Last Updated: Oct 27, 2022


The proverb says that every journey starts with a single step. The most excellent way to learn and master the skill of machine learning is through practice with real-world projects. By working on different ML portfolio projects, you can strengthen your knowledge of different machine learning algorithms and enhance your resume.

It is becoming increasingly difficult to get employment in machine learning. Machine learning projects are a great way to show off your Machine Learning skills. Good ML projects demonstrate your ability to use those skills in the workplace. Machine learning projects can help you comprehend the various machine learning concepts in a better way. Also, each project examines new machine learning techniques, data sets, as well as commercial problems. Using these entire machine learning activities, you will build a strong foundation in machine learning and associated techniques.

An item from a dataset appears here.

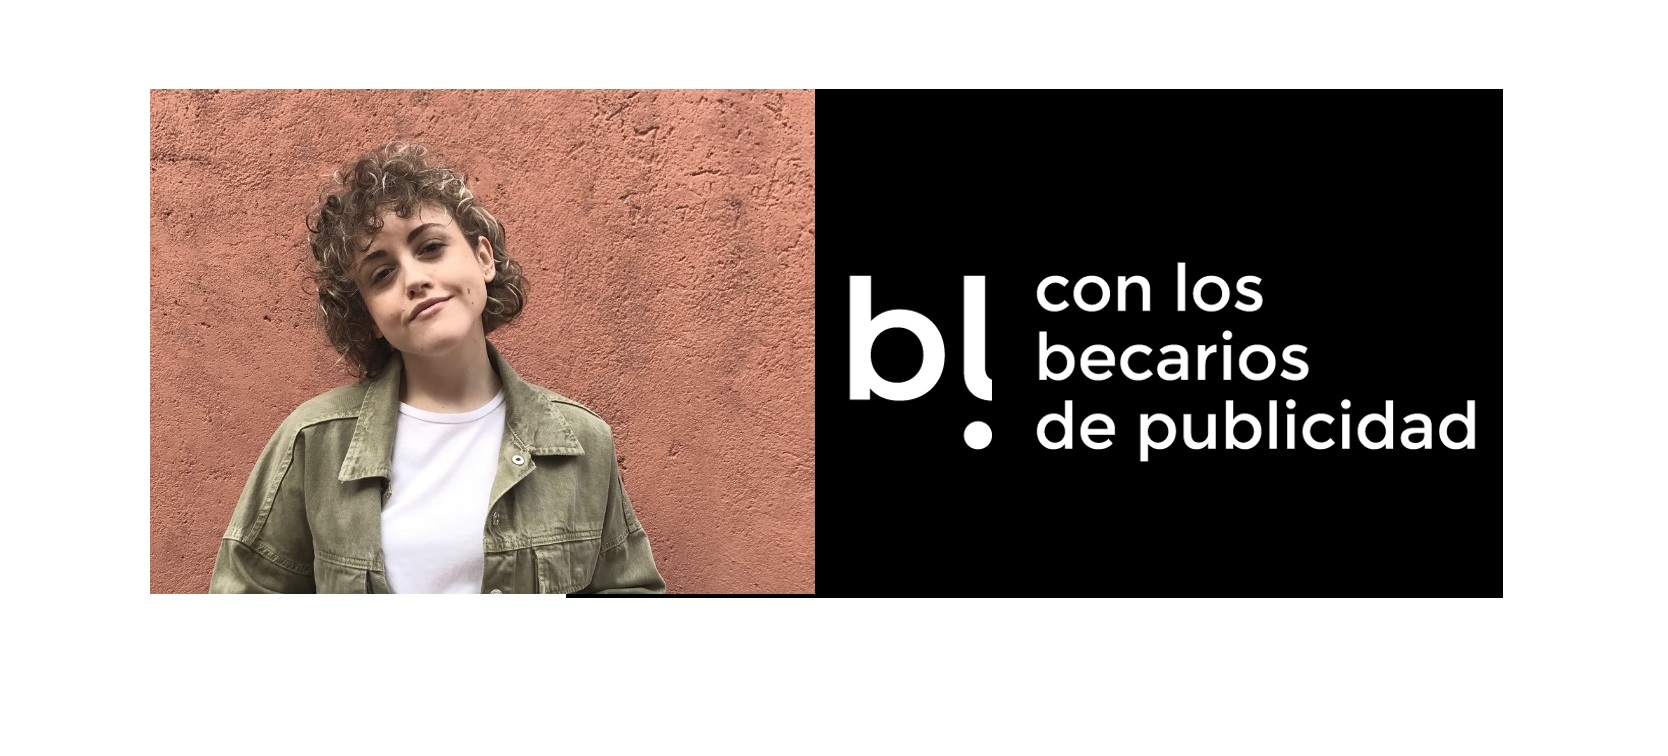 bl, becarios, publicidad, logo, Mariajo Jiméne, programapublicidad

This article will discuss the 10 best machine learning portfolio projects that will help to improve your resume in a highly competitive job market.

Let’s get started!

#1. Using A Smartphone To Recognize Human Activity

Several modern mobile devices are designed to automatically detect when we perform specific activities such as running or cycling. Machine learning comes into play here. Machine learning beginners practice with this kind of project using a dataset comprising fitness activity records for some individuals, which was collected via mobile gadgets equipped with inertial sensors. Students can then develop classification models that can precisely predict future actions. This might also help them understand multi-classification puzzles.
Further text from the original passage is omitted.